I went to see my GP this afternoon with my hubby in tow. It was primarily to enlist her support in my DLA application - I've all but finished the form and need to get it off soon, and wanted to tell her just how much help I need, and what my mobility is like, etc. and my hubby came along to give his point of view, about how much he has to do for me etc. I also wanted to talk to her about my wheelchair.
She was totally brilliant! She's been a bit of an unknown quantity in the past on the subject of ME, because she doesn't know a lot about it, and I don't think that she really believes in it. This has very much influenced how I've been towards her in the past - I've always been on the defensive and allowed myself to feel guilty, and that maybe it really was all in my head etc. etc. However, this time, after filling in my DLA form, I realise just how real this is, and how disabled I really am, and I thought "I don't have to prove anything to anyone. I'm just going to say it like it is." (I gave her a copy of the Gorilla article, which I said she would find amusing, and might find useful for other patients, and help her understand why we don't necessarily always want to rush off after every "cure" on the market!!)
For the first time ever, I wasn't nervous about going. I knew what I was going to say, and said it. When she's got something practical to do, which she can actually achieve, she's brilliant - very down to earth, and very supportive and practical. It's only when confronted with weird symptoms etc. that she seems to be all at sea, but since I manage those OK by myself and she can't do anything anyway, I've decided just to use her for the stuff she's good at!
I gave her a brief précis of my mobility and care needs which I'd typed out, based on the DLA form questions, so that she's got it to hand when the DWP contacts her. She is very supportive, and I feel I've got a real ally in her over this. I asked her to support my request for an indefinite award - she said that might be unlikely, and my hubby chipped in and said "well, ask for four years or something instead of just two." I said "Don't put a figure on it, or it will limit them. If you only ask for the sky, you don't get the stars!" She laughed and said she'd do what she could. I told her what an ordeal it is completing the form, and my hubby backed me up on that, as he's seen me struggling with it over the past few weeks.

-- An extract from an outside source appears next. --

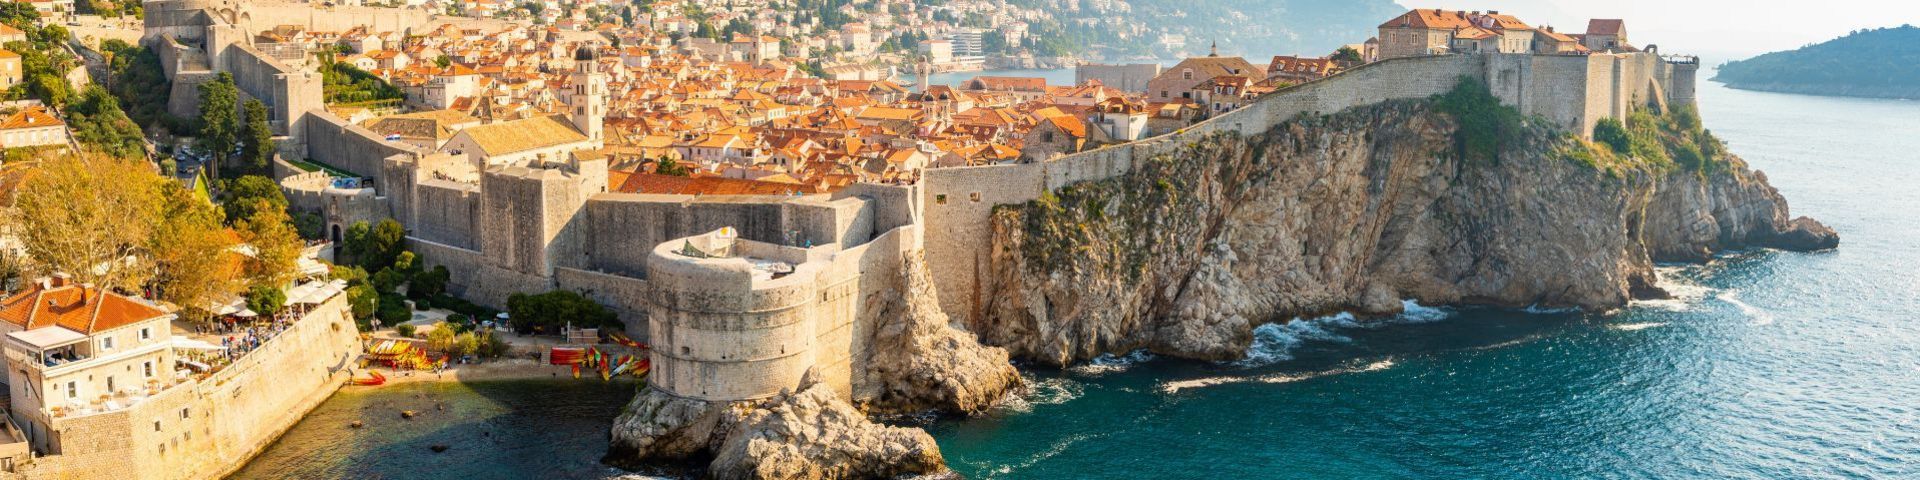 Dubrovnik Altstadt auf einer Kroatien Reise mit sz-Reisen

I then turned to the question of my Rolls Royce. Since I got it in the autumn of 2007 it's been absolutely brilliant and transformed my life. It's soooo comfortable, stylish, easy to manage and just great. The trouble is, I've now got a problem. I'm getting too fat for it! Oooh my goodness - and people worry about not being able to fit into their jeans lol!!! My Rolls Royce is now a Very Snug Fit, and while that's more or less OK for the summer, if I put on winter clothes, I shall need a tyre lever to get me in!! So I decided to ask her to refer me to the proper wheelchair people for an assessment and measuring etc.
I am amazed how confident I was about it. Before, I would have been too scared of being told that I didn't need one etc. etc. This time I just told her what I needed, and she was absolutely fine about it, and we had a proper discussion about it on equal terms. I was prepared, in case she was reluctant, to say to her "Well, I'm going to get another wheelchair anyway, regardless of what you say, because it's liberating and enables me to do what I want to do. Surely it would be better to get one that I have been assessed for, and which fits me properly?" But I didn't have to say any of it! she said "It's the OT who arranges all that. I'll get in touch with her, and she'll let you know what to do." She didn't know if a voucher scheme was in operation in our area, but she noted it down to ask the OT.
So, I am praying my socks off that I do get my DLA (even if I have to appeal, which is more or less 100% likely, given how things are going atm - but the GP said that in their practice they haven't had any problems with people eventually getting it even if they had to appeal) so that I will be able to afford a new set of wheels!!!
When this is all set in motion, I will need to contact the Yamaha people to find out whether my power add-on system will be transferrable to the new chair. If so, I can just put the Rolls Royce's old wheels back onto it and use it as a spare. If not, I suppose we'll have to be thinking of seeking out grants etc. (Maybe we should be doing that anyway, to help with a new chair?)
The next task will be to think of a suitable name for my new wheels!
I'll let you know how I get on.
All this has come about because I have now fully accepted that I suffer from a chronic condition and a long-term disability. I thought I already had, until doing my DLA form made me realise how much worse I am than 2 years ago, and I can't see any improvement any time soon, short of a miracle. I told the GP that I now accept that I am chronically ill and disabled with something for which there is no cure. I told her that I am OK with this, and that if she reads the Gorilla article she'll understand. She remarked how positive I am! I've suddenly got the confidence to go ahead and state clearly what I need and want, and am being really pro-active, and I'm not afraid of them any more. Tonight, I feel really great! (apart from my ME, of course!) It's like a great weight off my shoulders.